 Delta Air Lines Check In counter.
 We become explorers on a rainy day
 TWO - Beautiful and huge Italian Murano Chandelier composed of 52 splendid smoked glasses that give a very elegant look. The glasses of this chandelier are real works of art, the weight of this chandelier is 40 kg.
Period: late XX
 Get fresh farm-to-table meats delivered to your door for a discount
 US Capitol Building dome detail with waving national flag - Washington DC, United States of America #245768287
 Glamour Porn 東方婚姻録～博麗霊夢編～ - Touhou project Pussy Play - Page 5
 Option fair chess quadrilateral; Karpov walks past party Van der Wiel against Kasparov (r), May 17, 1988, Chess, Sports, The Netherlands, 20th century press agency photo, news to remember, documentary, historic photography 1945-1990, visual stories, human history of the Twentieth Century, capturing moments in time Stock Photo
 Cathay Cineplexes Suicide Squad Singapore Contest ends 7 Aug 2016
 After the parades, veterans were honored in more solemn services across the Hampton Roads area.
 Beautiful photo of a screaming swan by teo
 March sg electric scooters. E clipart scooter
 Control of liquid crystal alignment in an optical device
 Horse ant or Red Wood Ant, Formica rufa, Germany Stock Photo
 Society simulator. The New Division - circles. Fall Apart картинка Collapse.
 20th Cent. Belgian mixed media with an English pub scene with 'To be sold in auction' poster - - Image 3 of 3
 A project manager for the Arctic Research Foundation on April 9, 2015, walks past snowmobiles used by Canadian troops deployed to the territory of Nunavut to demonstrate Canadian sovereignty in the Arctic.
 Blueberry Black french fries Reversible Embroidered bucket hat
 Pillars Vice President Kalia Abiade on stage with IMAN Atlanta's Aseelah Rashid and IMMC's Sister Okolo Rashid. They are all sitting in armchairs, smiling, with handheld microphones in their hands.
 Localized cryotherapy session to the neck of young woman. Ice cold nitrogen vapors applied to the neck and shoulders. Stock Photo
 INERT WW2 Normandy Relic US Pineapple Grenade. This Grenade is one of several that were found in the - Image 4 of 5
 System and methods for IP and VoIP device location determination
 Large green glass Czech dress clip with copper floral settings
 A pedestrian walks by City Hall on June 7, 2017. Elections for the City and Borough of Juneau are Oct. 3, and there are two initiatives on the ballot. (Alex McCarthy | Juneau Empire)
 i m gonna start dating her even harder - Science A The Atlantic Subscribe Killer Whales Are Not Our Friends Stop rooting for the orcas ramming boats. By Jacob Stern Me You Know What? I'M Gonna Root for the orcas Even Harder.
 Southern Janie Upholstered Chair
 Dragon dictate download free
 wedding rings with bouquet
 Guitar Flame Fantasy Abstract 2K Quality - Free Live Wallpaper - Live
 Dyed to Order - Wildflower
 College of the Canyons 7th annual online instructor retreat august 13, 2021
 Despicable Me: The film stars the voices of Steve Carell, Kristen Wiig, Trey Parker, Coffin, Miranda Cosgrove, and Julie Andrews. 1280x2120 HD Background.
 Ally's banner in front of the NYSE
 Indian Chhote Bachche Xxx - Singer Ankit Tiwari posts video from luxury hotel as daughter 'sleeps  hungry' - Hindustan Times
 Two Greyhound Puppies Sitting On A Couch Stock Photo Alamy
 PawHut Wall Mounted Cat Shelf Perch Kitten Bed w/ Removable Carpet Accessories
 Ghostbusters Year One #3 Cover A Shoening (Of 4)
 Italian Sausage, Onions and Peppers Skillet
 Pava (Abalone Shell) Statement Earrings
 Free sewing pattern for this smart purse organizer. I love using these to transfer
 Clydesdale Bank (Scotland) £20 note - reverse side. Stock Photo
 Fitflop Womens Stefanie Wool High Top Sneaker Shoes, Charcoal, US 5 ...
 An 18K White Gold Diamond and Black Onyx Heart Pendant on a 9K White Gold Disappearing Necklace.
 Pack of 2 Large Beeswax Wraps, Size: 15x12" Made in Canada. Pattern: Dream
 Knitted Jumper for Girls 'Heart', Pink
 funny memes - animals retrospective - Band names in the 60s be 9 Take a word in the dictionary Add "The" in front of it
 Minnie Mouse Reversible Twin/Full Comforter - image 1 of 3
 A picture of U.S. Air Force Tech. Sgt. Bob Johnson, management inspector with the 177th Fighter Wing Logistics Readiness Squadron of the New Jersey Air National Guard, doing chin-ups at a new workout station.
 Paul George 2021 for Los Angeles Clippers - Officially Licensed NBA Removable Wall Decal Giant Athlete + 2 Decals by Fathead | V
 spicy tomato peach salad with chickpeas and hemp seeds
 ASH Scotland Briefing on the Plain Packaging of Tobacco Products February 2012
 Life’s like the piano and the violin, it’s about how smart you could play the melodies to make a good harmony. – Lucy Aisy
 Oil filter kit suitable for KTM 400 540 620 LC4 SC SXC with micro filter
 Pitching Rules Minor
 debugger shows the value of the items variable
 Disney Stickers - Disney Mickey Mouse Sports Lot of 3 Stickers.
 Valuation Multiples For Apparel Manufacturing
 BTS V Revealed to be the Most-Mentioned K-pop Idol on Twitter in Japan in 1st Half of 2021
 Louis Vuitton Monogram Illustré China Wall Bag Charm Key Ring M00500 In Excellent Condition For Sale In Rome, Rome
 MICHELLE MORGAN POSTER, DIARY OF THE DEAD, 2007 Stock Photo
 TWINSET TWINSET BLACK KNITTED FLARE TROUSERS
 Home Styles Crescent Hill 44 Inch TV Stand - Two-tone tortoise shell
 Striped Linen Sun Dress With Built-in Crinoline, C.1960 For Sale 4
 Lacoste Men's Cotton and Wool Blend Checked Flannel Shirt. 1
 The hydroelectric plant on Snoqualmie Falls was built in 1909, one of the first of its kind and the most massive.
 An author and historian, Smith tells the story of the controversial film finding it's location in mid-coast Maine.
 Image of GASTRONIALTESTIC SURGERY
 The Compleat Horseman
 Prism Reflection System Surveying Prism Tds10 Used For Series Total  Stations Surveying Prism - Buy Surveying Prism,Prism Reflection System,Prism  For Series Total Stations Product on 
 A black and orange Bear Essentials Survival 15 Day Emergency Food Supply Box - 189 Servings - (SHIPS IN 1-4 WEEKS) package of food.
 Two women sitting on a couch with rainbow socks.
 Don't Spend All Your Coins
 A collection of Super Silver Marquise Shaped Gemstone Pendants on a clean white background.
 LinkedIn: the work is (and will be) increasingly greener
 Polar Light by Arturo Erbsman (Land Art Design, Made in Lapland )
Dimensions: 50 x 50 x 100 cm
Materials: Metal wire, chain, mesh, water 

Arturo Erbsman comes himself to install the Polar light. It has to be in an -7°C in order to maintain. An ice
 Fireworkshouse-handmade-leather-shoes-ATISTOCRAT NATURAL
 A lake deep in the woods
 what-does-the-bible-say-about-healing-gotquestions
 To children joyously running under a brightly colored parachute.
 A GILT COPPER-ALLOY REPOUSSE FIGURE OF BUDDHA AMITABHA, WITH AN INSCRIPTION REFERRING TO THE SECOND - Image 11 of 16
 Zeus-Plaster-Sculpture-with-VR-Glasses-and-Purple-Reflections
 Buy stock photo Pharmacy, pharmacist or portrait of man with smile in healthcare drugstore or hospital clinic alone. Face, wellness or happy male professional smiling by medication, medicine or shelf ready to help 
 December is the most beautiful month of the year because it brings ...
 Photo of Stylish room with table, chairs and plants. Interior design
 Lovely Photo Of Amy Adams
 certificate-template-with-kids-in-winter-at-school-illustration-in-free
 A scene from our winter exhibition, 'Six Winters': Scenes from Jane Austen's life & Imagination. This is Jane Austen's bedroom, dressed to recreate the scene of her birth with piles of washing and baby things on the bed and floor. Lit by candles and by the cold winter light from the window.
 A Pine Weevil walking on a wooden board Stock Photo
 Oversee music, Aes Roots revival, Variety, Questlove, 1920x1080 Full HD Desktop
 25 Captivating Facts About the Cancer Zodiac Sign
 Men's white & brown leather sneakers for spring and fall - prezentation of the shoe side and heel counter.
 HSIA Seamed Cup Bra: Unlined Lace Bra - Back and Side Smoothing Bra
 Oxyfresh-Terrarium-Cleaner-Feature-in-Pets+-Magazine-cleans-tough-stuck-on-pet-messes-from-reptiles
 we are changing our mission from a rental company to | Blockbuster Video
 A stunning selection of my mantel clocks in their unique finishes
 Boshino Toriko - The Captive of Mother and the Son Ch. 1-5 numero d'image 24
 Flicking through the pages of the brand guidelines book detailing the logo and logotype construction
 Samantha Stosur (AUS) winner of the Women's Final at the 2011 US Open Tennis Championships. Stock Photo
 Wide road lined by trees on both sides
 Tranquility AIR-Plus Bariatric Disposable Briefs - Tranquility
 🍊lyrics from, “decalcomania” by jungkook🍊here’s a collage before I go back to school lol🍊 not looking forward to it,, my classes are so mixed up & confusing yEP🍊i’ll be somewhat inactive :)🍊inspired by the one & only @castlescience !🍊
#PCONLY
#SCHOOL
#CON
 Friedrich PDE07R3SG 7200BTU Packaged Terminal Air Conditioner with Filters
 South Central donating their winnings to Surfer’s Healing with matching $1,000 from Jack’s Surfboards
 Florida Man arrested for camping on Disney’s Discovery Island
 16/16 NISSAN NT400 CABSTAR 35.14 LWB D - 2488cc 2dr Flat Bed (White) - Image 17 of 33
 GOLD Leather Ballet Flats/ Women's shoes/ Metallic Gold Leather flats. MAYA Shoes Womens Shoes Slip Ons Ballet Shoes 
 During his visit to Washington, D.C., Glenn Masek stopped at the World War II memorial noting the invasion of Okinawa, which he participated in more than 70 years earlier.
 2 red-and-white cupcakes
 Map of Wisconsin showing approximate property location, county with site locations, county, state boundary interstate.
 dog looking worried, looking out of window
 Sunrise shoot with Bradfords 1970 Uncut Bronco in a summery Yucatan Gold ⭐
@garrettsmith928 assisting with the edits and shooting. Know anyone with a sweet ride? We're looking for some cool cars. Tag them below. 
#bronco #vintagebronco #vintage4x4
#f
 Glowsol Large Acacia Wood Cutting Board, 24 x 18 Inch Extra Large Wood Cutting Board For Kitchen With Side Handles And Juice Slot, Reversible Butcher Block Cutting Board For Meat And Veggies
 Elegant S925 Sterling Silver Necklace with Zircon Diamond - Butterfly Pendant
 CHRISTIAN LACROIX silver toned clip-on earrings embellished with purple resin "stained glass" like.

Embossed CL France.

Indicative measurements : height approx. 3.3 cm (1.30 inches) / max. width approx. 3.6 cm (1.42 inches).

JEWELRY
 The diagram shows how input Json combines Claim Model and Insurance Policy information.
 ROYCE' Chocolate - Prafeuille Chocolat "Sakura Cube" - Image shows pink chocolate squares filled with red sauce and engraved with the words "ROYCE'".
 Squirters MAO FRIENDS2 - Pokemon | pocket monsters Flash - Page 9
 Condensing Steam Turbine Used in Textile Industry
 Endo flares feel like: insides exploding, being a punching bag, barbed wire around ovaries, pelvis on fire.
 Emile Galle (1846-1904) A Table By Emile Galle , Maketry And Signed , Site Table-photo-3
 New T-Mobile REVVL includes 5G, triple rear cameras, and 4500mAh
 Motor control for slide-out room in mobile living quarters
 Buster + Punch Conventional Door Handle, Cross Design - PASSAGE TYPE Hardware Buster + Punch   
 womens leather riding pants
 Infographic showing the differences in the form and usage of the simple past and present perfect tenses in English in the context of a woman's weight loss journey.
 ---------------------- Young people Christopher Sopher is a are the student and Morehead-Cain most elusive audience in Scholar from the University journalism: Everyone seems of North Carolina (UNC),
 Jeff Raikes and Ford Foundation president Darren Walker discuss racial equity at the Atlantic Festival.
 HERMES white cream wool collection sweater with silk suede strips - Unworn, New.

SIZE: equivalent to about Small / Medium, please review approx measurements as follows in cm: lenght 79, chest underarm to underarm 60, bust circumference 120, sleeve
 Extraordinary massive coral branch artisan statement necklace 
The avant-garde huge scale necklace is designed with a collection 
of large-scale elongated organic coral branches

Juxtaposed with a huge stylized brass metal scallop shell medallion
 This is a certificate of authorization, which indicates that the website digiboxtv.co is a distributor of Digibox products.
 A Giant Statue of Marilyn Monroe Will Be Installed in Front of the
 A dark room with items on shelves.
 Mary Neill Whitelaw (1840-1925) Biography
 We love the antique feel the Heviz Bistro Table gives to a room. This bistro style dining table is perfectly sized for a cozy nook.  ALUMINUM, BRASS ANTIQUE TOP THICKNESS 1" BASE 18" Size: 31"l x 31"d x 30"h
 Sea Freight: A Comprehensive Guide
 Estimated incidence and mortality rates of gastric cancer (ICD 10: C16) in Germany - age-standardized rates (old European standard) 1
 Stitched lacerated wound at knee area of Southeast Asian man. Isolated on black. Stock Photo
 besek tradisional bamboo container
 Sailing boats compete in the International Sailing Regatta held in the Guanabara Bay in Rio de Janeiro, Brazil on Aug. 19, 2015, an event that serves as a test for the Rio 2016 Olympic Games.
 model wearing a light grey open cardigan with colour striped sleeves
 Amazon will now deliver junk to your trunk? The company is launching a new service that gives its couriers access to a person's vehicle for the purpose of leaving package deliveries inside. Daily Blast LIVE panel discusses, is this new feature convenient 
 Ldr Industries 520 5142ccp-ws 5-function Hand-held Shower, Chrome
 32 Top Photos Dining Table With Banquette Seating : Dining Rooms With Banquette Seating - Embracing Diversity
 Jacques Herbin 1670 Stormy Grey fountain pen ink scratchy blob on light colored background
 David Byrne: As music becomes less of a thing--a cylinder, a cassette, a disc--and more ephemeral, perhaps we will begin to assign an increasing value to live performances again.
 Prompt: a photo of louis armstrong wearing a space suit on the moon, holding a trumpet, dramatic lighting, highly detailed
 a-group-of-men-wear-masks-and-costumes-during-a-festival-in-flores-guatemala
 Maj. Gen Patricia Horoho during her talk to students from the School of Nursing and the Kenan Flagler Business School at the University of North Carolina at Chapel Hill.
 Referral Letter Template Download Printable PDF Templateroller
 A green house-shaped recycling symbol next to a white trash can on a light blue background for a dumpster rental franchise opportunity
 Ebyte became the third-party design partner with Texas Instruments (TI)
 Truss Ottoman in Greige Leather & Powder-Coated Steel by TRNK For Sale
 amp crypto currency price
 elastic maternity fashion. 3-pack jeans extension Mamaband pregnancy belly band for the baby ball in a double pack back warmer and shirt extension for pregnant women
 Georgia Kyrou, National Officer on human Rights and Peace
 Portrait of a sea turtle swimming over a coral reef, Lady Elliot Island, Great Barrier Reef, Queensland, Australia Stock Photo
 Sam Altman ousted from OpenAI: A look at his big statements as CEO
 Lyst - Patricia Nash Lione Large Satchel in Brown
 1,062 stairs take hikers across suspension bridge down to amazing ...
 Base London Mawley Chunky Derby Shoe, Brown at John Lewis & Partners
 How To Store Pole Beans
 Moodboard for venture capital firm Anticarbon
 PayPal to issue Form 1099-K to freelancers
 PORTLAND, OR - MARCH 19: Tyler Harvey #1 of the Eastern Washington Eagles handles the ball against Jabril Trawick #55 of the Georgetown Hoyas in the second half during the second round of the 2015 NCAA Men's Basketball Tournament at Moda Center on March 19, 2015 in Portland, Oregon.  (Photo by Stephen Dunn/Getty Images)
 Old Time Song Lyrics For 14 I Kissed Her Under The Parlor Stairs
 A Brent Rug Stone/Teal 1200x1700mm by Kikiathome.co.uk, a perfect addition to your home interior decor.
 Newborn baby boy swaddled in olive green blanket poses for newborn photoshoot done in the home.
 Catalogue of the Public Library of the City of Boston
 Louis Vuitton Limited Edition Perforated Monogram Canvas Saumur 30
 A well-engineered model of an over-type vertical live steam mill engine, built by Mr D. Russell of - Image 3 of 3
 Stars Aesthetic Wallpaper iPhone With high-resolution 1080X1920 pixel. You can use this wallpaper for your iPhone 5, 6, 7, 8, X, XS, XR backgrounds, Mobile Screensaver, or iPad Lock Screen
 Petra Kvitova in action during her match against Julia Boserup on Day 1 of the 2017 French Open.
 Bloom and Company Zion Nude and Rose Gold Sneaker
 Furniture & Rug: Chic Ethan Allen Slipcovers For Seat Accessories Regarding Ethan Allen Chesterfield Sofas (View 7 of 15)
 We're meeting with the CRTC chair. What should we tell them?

- **TASK TO COMPLETE**
Your output must be the lines of the material above, from the first through the line that contains "March sg electric", copied exactly. Include both endpoints and nothing else.

- **WORKED SOLUTION**
 Delta Air Lines Check In counter.
 We become explorers on a rainy day
 TWO - Beautiful and huge Italian Murano Chandelier composed of 52 splendid smoked glasses that give a very elegant look. The glasses of this chandelier are real works of art, the weight of this chandelier is 40 kg.
Period: late XX
 Get fresh farm-to-table meats delivered to your door for a discount
 US Capitol Building dome detail with waving national flag - Washington DC, United States of America #245768287
 Glamour Porn 東方婚姻録～博麗霊夢編～ - Touhou project Pussy Play - Page 5
 Option fair chess quadrilateral; Karpov walks past party Van der Wiel against Kasparov (r), May 17, 1988, Chess, Sports, The Netherlands, 20th century press agency photo, news to remember, documentary, historic photography 1945-1990, visual stories, human history of the Twentieth Century, capturing moments in time Stock Photo
 Cathay Cineplexes Suicide Squad Singapore Contest ends 7 Aug 2016
 After the parades, veterans were honored in more solemn services across the Hampton Roads area.
 Beautiful photo of a screaming swan by teo
 March sg electric scooters. E clipart scooter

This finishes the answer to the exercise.